Dori and Mark keep in contact through letters and phone calls, but eventually Dori's illness worsens, and she loses touch with reality. Friends and family beg Mark to help Dori get treatment, but he opposes any suggestion that might separate them. Eventually, an intervention support group keeps the two away from each other.

Mark is deployed to overseas action, and he is injured in the bombing of the Marine Barracks in Beirut in 1983. He returns home with an honorable discharge. Apart for two years, Dori contacts Mark in a hospital where he has been recuperating. They plan to marry and start a new life together.

== Cast ==

- Rachael Leigh Cook as Dori Lawrence
- Jonathan Tucker as Mark Deloach
- Agnes Brucker as Sue Dubois
- Val Kilmer as SDI Skeer
- Joe Mantegna as Mr. Deloach
- Carrie Fisher as Mrs. Dubois
- Diane Venora as Mrs. Hengen
- Ed Begley Jr. as Father Concoff
- Daniel Franzese as Danny Tripodi
- Paul Le Mat as Dori's Internist
- Penny Marshall as Lt. Chevetone

==Production==
The film took eight weeks to shoot. To prepare for the role, Cook actually spent time with patients who had schizophrenia and read medical books from her father on this subject.

Anselmo, the writer/director, was a Marine, and the men who played Marines went through Marine boot camp to prepare for their roles.

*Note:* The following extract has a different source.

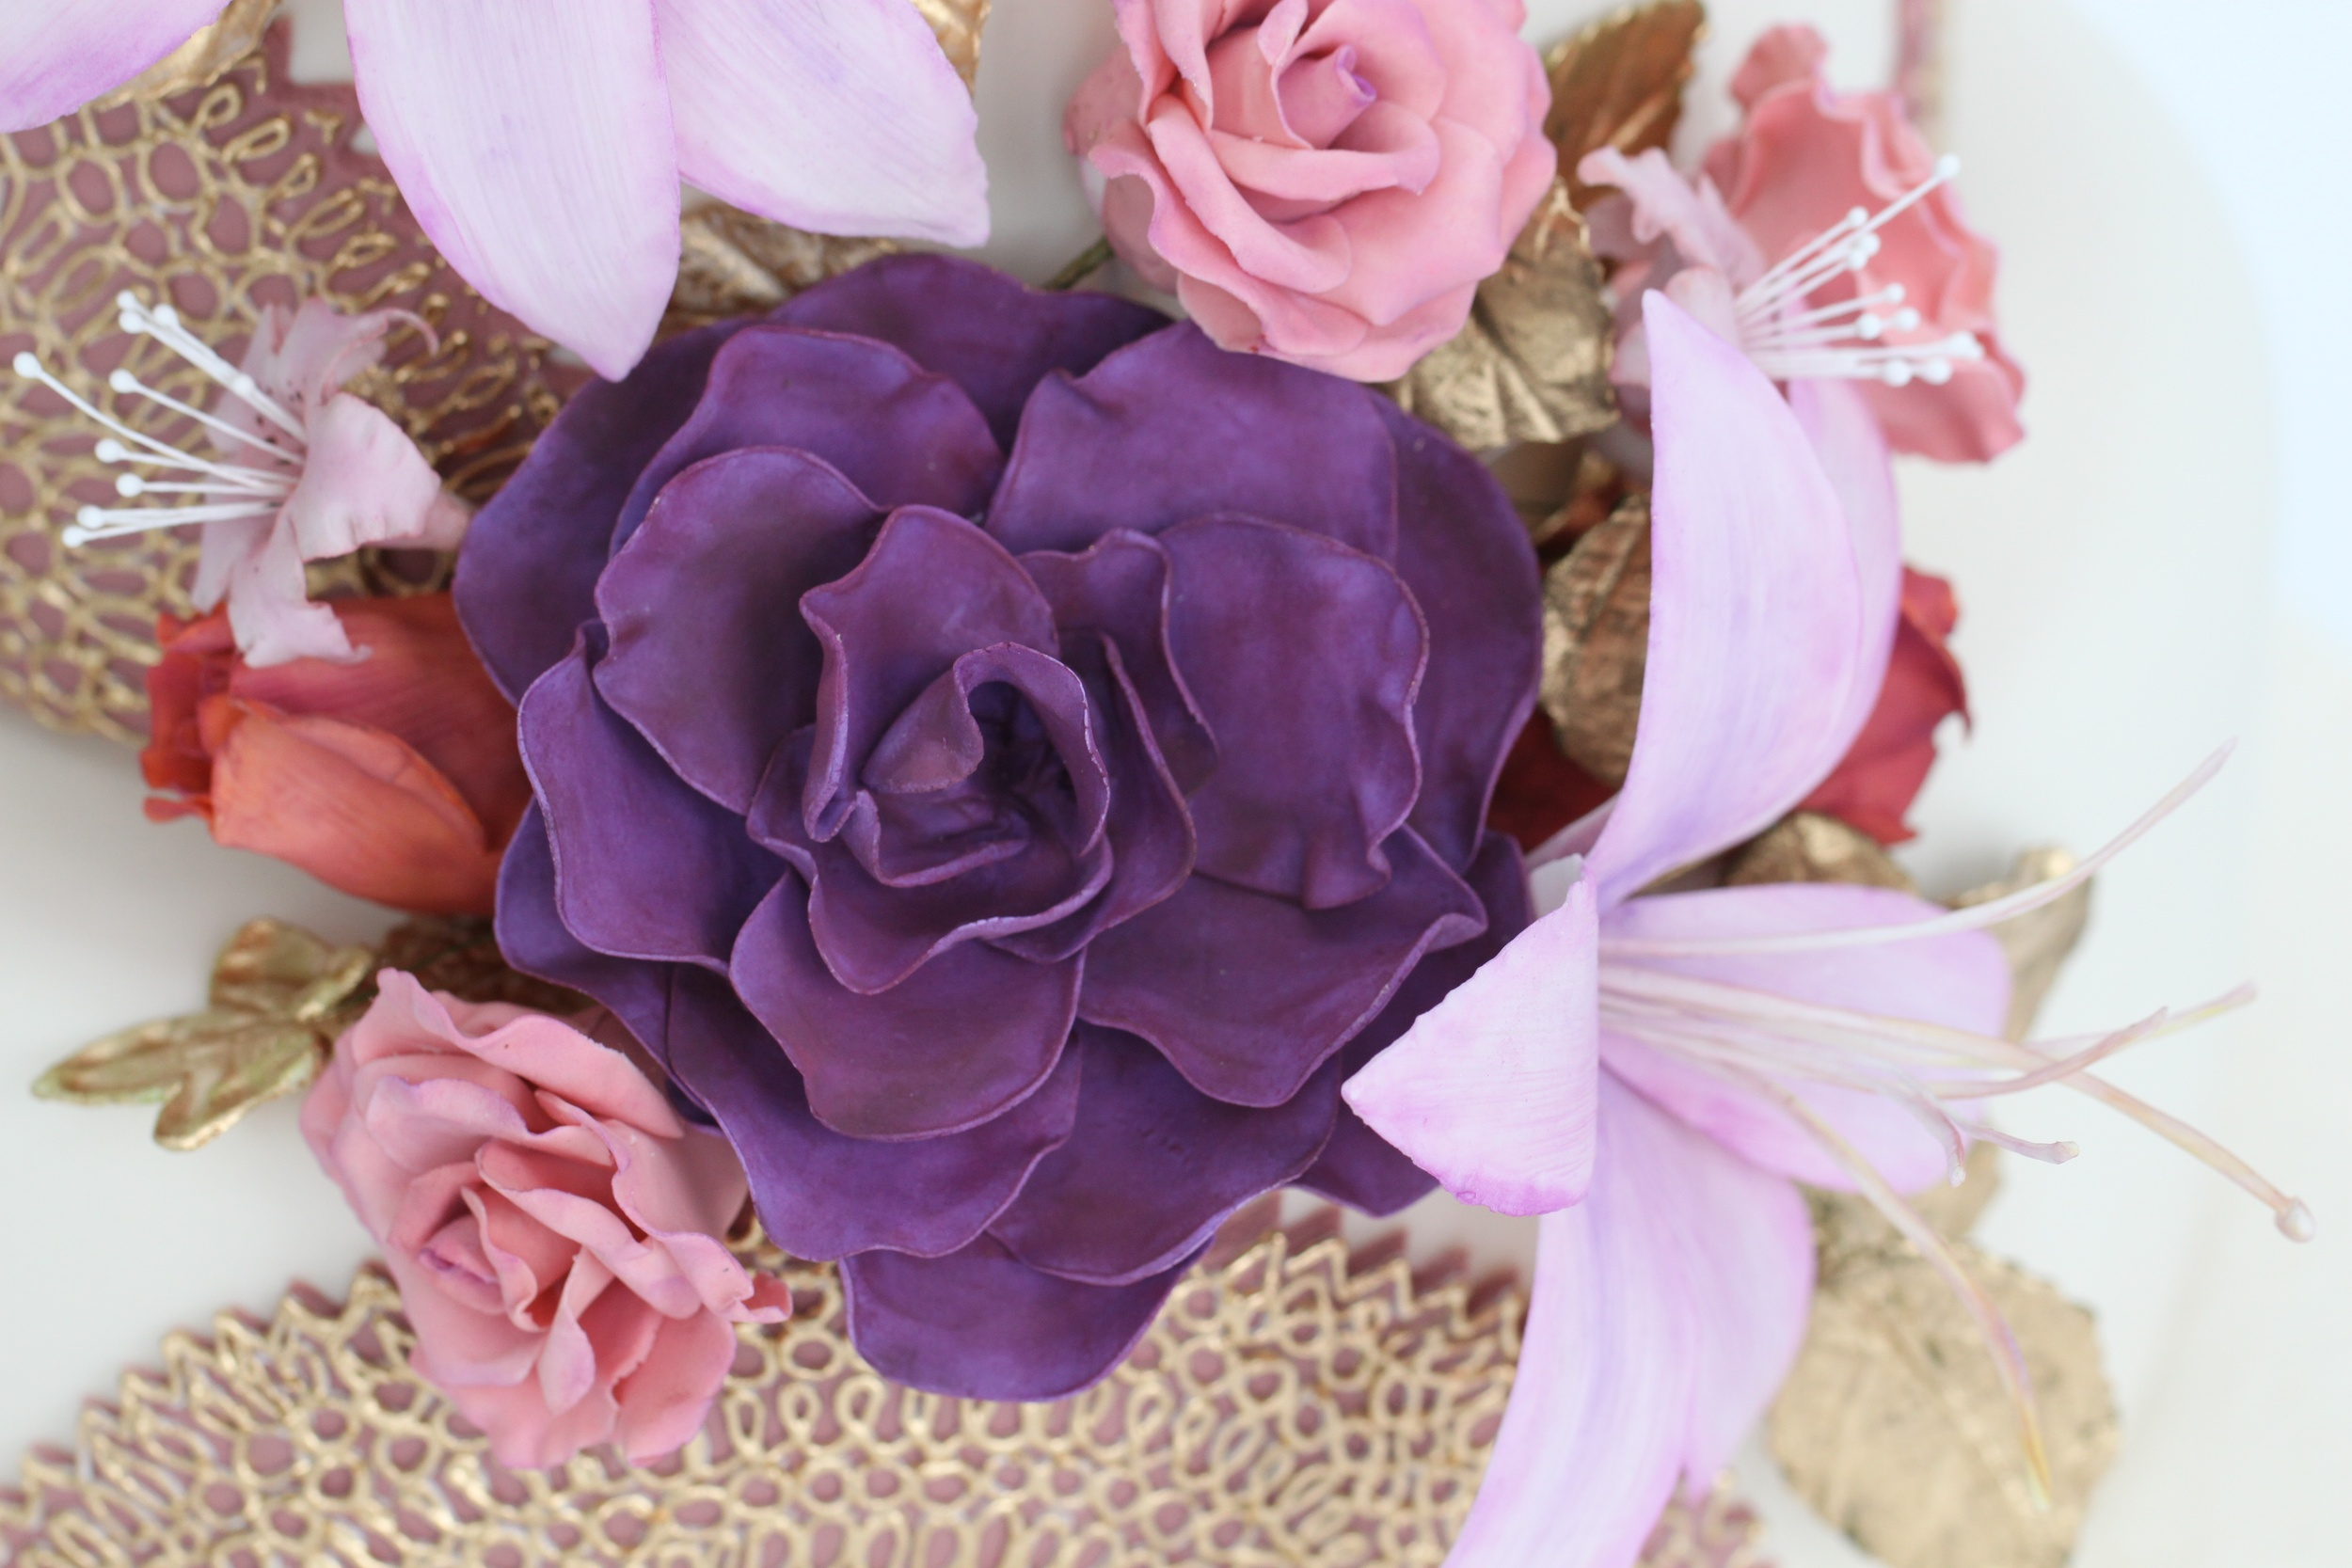 Henna insp floral wedding floral close 7431.jpg

Dori Lawrence's character is based on actress Sarah Holcomb, who appeared in two successful early 1980s comedies before leaving the film industry and struggling with mental health.

== Release ==
The film was released on May 21, 2004, making an opening of $113,620. It would go on to make $174,318 domestically.

== Reception ==
 Metacritic, which uses a weighted average, assigned the a score of 35 out of 100, based on 19 critics, indicating "generally unfavorable" reviews. Roger Ebert gave the film 2 out of 4 stars, praising the actors' performances but criticizing the dialogue, which he described as sounding "more like experimental poetry or song lyrics than like speech." Ebert described the film as thematically incomplete, writing "[w]e sense there’s more Anselmo wants to say about the character than he has time for. “Stateside” plays like urgent ideas for a movie which Anselmo needed to make, but they’re still in note form."